Western provinces threaten to derail HoS; CTA calls on Ottawa to react
OTTAWA, Ont. — The Canadian Trucking Alliance (CTA) has voiced concern that several Western Canadian provinces may not adopt the new federal hours-of-service rules, threatening the chance of a harmonized set of rules across Canada.
The CTA confirmed yesterday that several provinces are backing away from the rules, which are currently in effect in most provinces and took more than 10 years to reach. In a release, the CTA said some provinces are ignoring key elements of the new rules, exempting large numbers of vehicles from it or creating their own rules altogether.
The association is calling upon federal Transport Minister Lawrence Cannon to intervene and exercise his authority under the Motor Vehicle Act or to withhold infrastructure funding for renegade provinces.
From the outset of discussions more than 10 years ago to put a new hours of service rule in place, a fundamental perhaps the most important undertaking given to the trucking industry by the federal and provincial governments was that the new regulations would be uniformly applied across Canada as a National Safety Code standard instead of a hodge-podge of inconsistent provincial regulations, said CTA CEO David Bradley. Now, only 10 months after the coming-into-force of the federal regulations, we see a disturbing trend emerging that if left unchecked, will negate the basic principles of safety and regulatory harmonization.
Namely, B.C., Alberta and Saskatchewan have considered exempting logging trucks and those operating in the oil and gas industries from the federal rules.
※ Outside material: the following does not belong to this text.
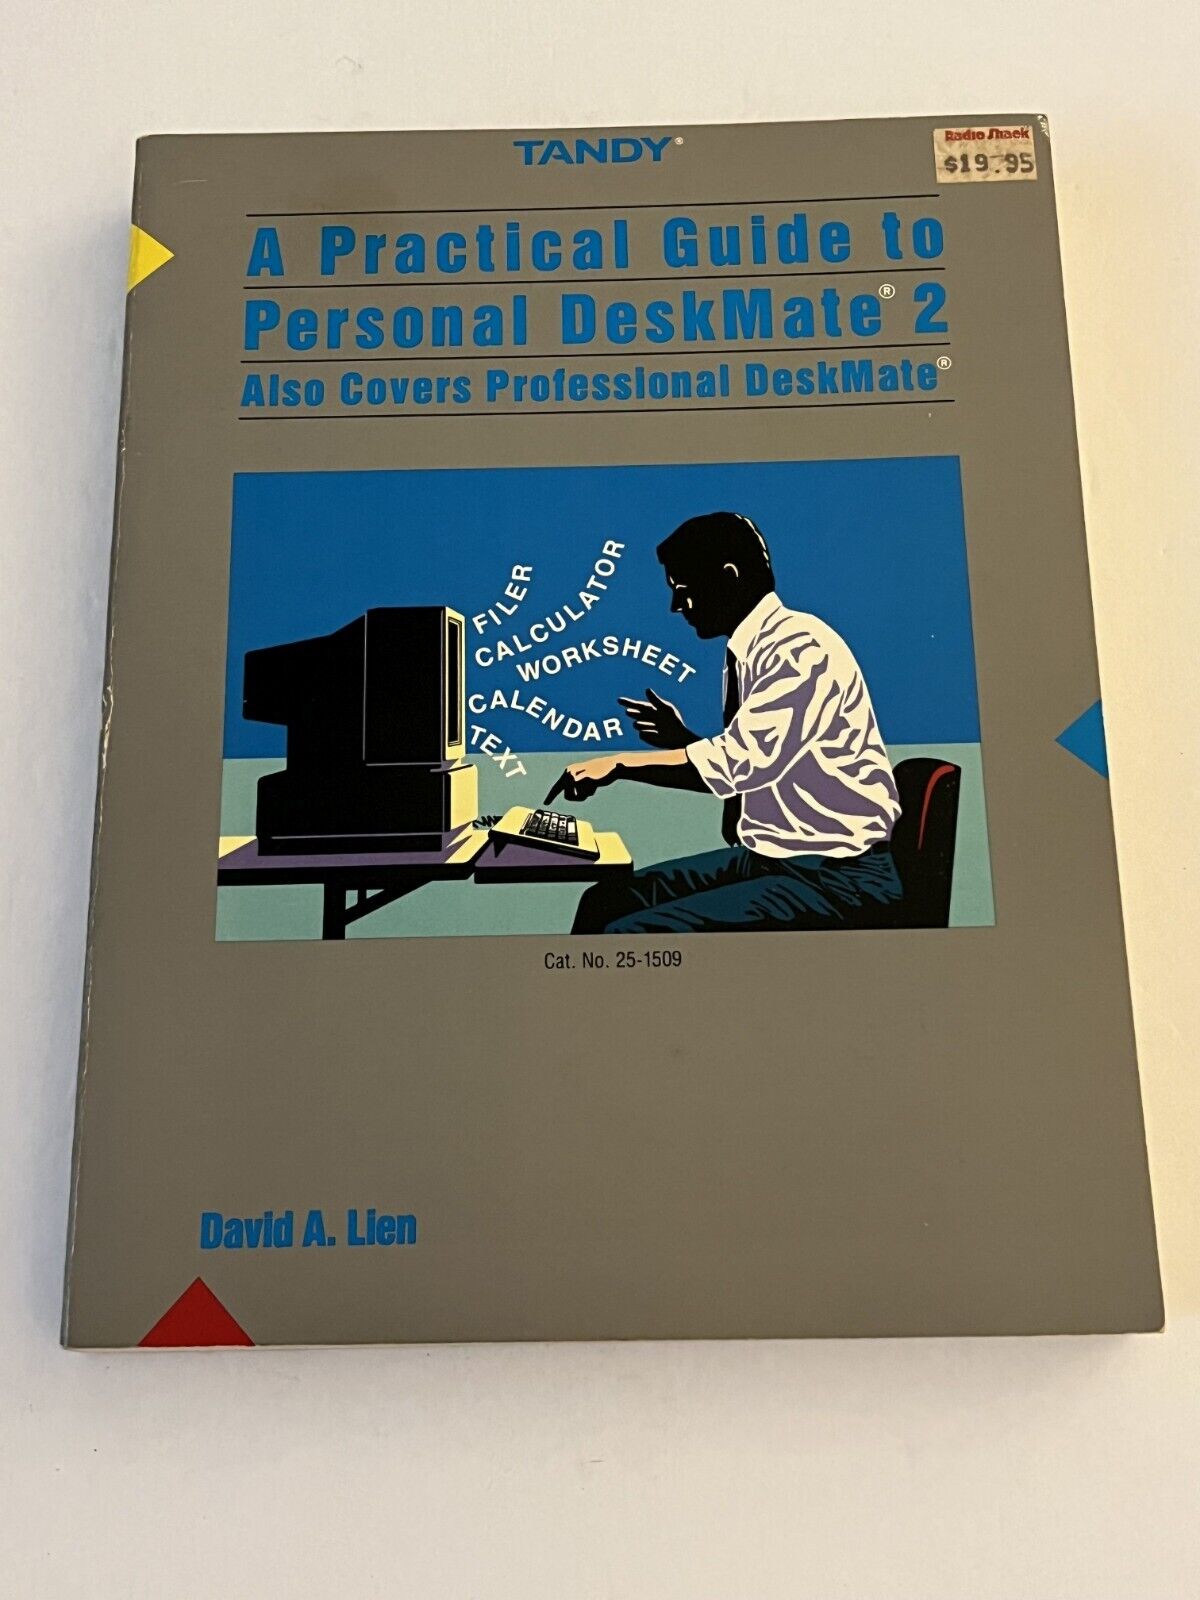 Vintage Tandy Practical Guide to Personal DeskMate2  25-1509 David A. Lien

They also have considered exempting operators of vehicles below a weight threshold of 11,794 kg whereas the national standard is 4,500 kg.
CTA admits the new rules are more restrictive than the previous regime and have had an impact on productivity. However, Bradley said responsible motor carriers across Canada were prepared to accept the new regulatory regime, as long as it was uniformly implemented in all provinces and regions so as not to confer an unfair competitive advantage on any company or industry sector, either by virtue of company size, the type of equipment operated or region of domicile or operation.
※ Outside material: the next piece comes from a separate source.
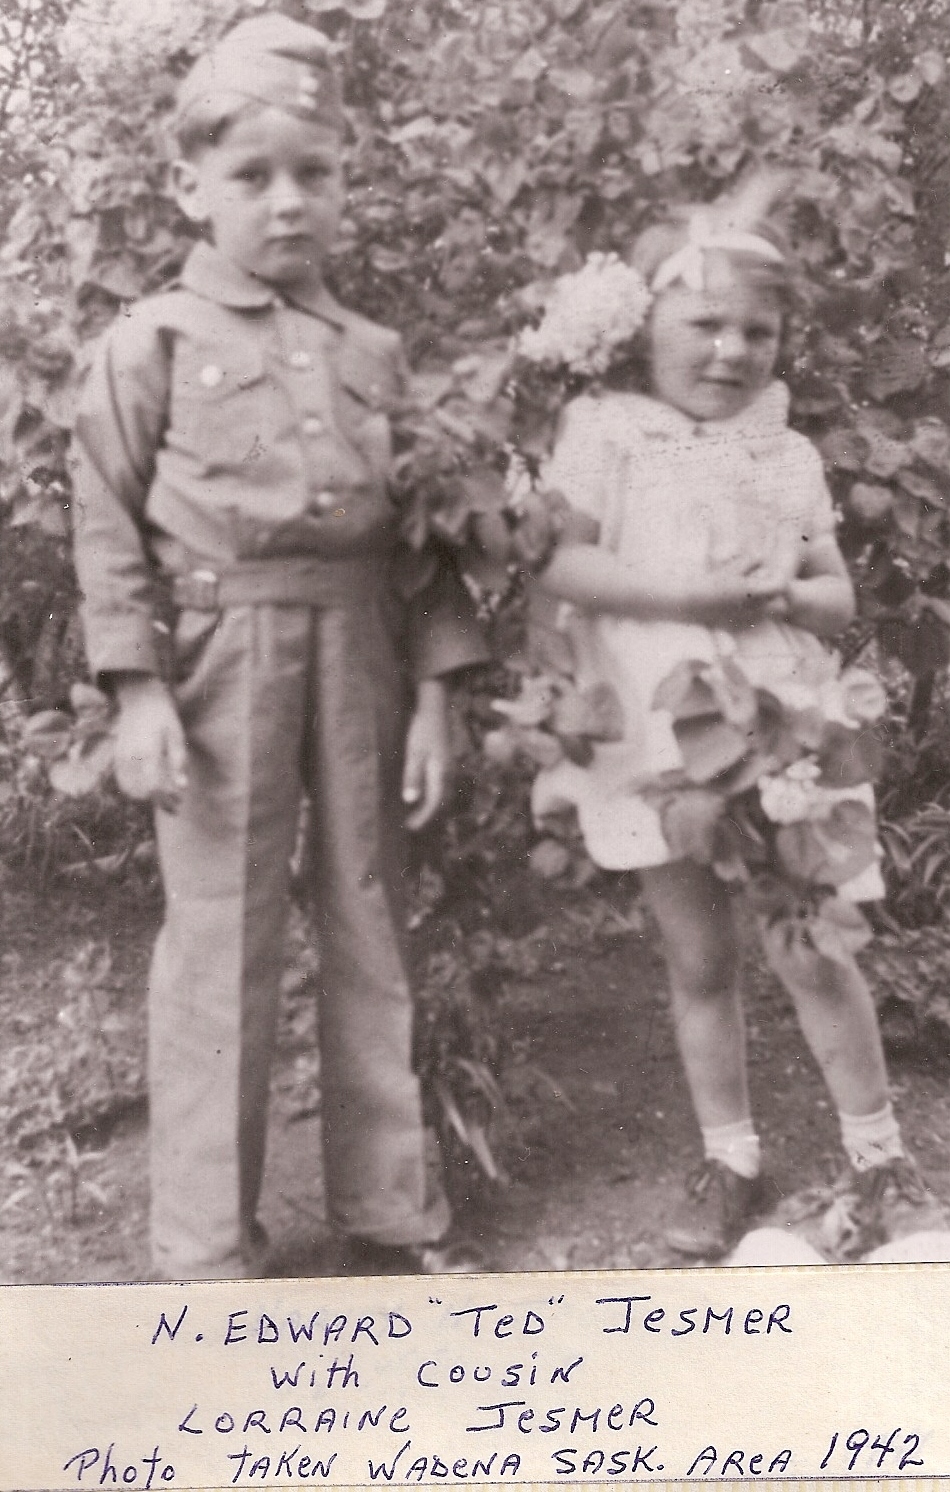 Ted and cousin in 1942 at 6 yrs old

CTA and the provincial associations have declared that sector-specific exemptions are unfair and potentially unsafe.
How, for example, could truck drivers from one part of the country be considered fit to drive longer hours, or take shorter off-duty periods just because of the sector of the business they are in or the type of truck they drive, when truck drivers in other sectors or in other parts of the country operating under exactly the same circumstances would be judged unfit? asked Bradley. It makes no sense, from either a competitiveness or safety point of view.
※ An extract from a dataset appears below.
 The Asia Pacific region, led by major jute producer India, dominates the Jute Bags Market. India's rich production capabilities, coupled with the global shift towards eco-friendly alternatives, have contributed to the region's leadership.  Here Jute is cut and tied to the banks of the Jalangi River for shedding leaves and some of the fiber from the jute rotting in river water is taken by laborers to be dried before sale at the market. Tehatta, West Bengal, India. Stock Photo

CTA is also calling upon the feds to revoke provinces authority to issue federal safety certificates if they provide HoS exemptions to interprovincial carriers without the consent of Transport Canada. Bradley admitted the move is bound to ruffle some feathers, but he said the anticipated move by some provinces to walk away from such an important national safety standard is beyond controversial; its disturbing. Moreover, it reflects a trend that has been going on far too long in this country and which the industry is hard pressed to tolerate much longer.